Mysql – Database architecture for interactions between users (8B rows, 1TB of data)

Architecturedatabase-designMySQLnosql

I'm saving an interactions table between two users. I have two interaction types, and each interaction can happen more than once. The easiest reference would be Facebook Likes and comments on posts: User1 did two likes, and 1 comment on User2.

I would also like basic query abilities, like all users that interacted with User1, and users User1 has interacted with sorted by how many interactions.

I'm currently saving this in MySQL, and things have been going well, but as the table is getting big (7.5B rows, 1TB total disk space divided equally between data and indexes), INSERTS have become very slow. Can take up to a minute for 1k rows.

My Current Table Structure:

 CREATE TABLE `interactions` (
  `user_id_to` bigint(11) unsigned NOT NULL,
  `user_id_from` bigint(11) unsigned NOT NULL,
  `type2counter` tinyint(11) unsigned NOT NULL DEFAULT '0',
  `counter` smallint(11) unsigned NOT NULL,
  `updated` date NOT NULL,
  PRIMARY KEY (`user_id_to`,`user_id_from`),
  KEY `uid_from` (`user_id_from`),
  KEY `uid_to_counter` (`user_id_to`,`counter`)
) ENGINE=InnoDB DEFAULT CHARSET=utf8;

Edit: Insert look like this:

INSERT INTO interactions
     (user_id_to, user_id_from, counter, updated)
   VALUES 
     ('2266931634','3180832729','3',NOW() ), 
     ('2266931634','3133897242','1',NOW() ), 
     ('2266931634','3207247957','1',NOW() ),  
     ('2266931634','3520390476','1',NOW() ), 
     ('2266931634','3631954079','1',NOW() ), 
     ('2266931634','3687475949','1',NOW() ), 
     ('2266931634','3627629761','1',NOW() ), 
     ('2266931634','3779990751','1',NOW() ), 
     ('2266931634','4071753134','1',NOW() ), 
     ('2266931634','4290900946','3',NOW() ) 
    ON DUPLICATE KEY UPDATE
             counter=counter+VALUES(counter),
             updated=NOW()

MySQL version: 5.6.19

Best Answer

Something wrong with that!

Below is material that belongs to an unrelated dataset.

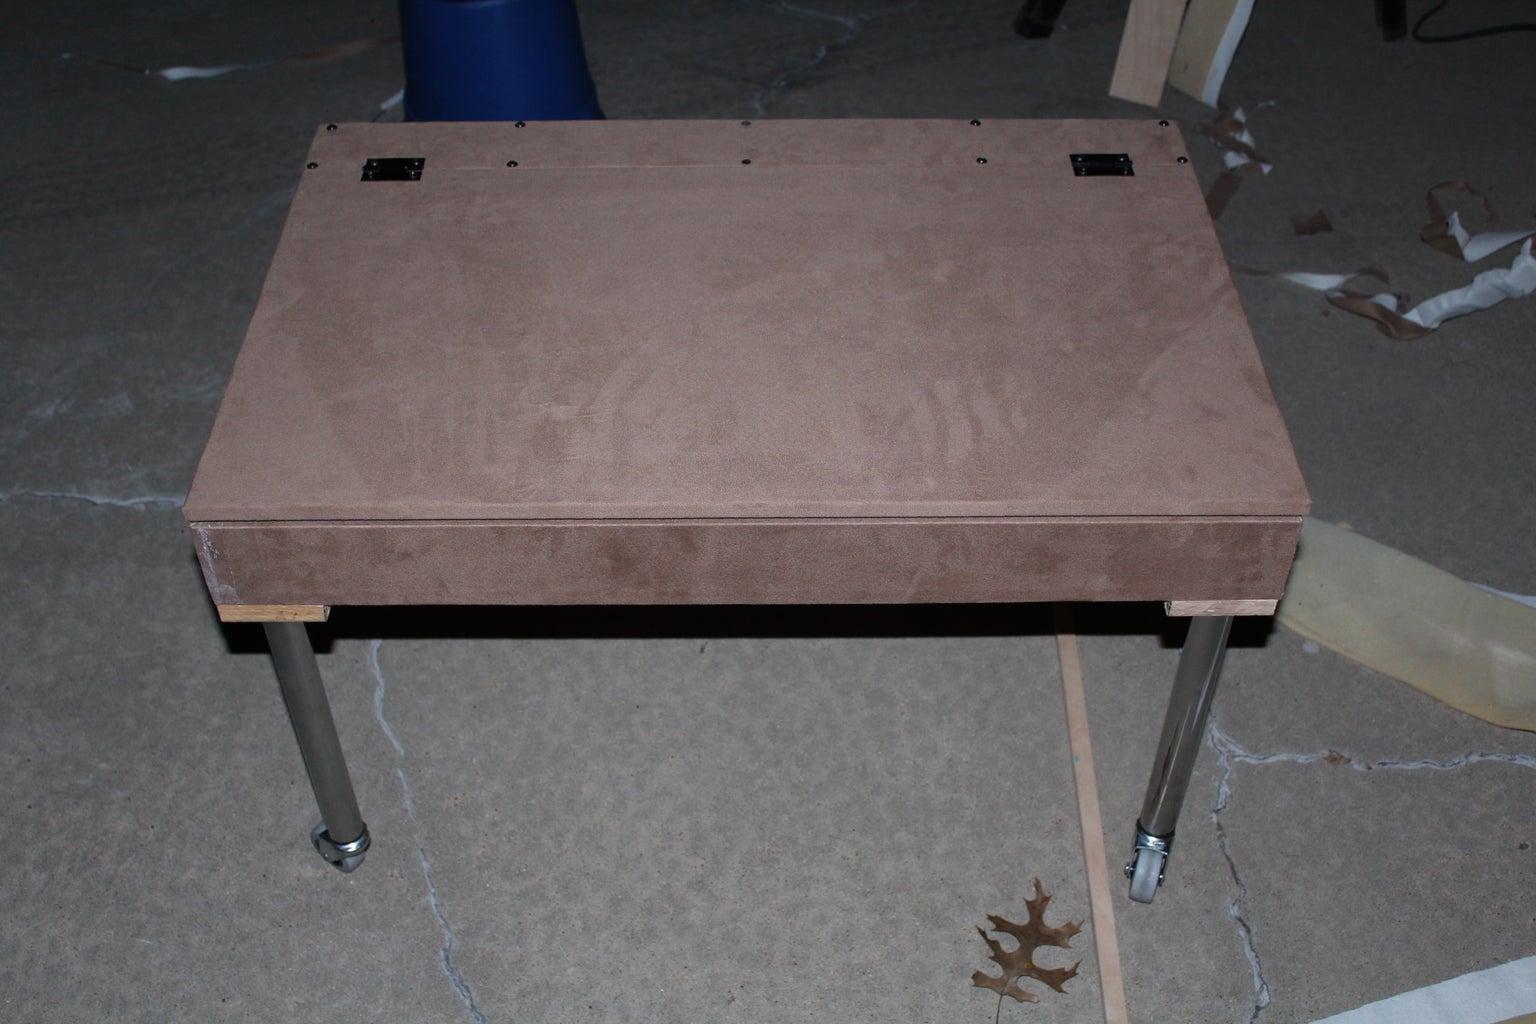 Assembling the Desk

There is no column counter??

But, assuming you meant one of the existing counters...

  • Having the counter in an index, and updating the counter frequently --> double the work. Once to update the table, once to update the index.

  • Since the first part of the PRIMARY KEY is user_id_to, you have a very good way of locating the counter given the user_id_to. So, DROP that index. This will speed things up considerably.

Something else to check... innodb_buffer_pool_size should be about 70% of RAM. What are the value of those?

PARTITIONing is very unlikely to help. Given a good index, partitioning is no faster because it is essentially turns a 1-step process (look up in the index) into a 2-step process: first find the partition ("pruning"), then use the index in that partition.

If possible, use either LOAD DATA or "batch" INSERTs.

What do the INSERTs look like? Perhaps INSERT ... ON DUPLICATE KEY UPDATE? For batching, that might be best done by creating a tmp table, then using IODKU with a SELECT on the tmp table. More on high speed ingestion.

Some things look fishy, please provide specifics on the inserts, updates, and selects.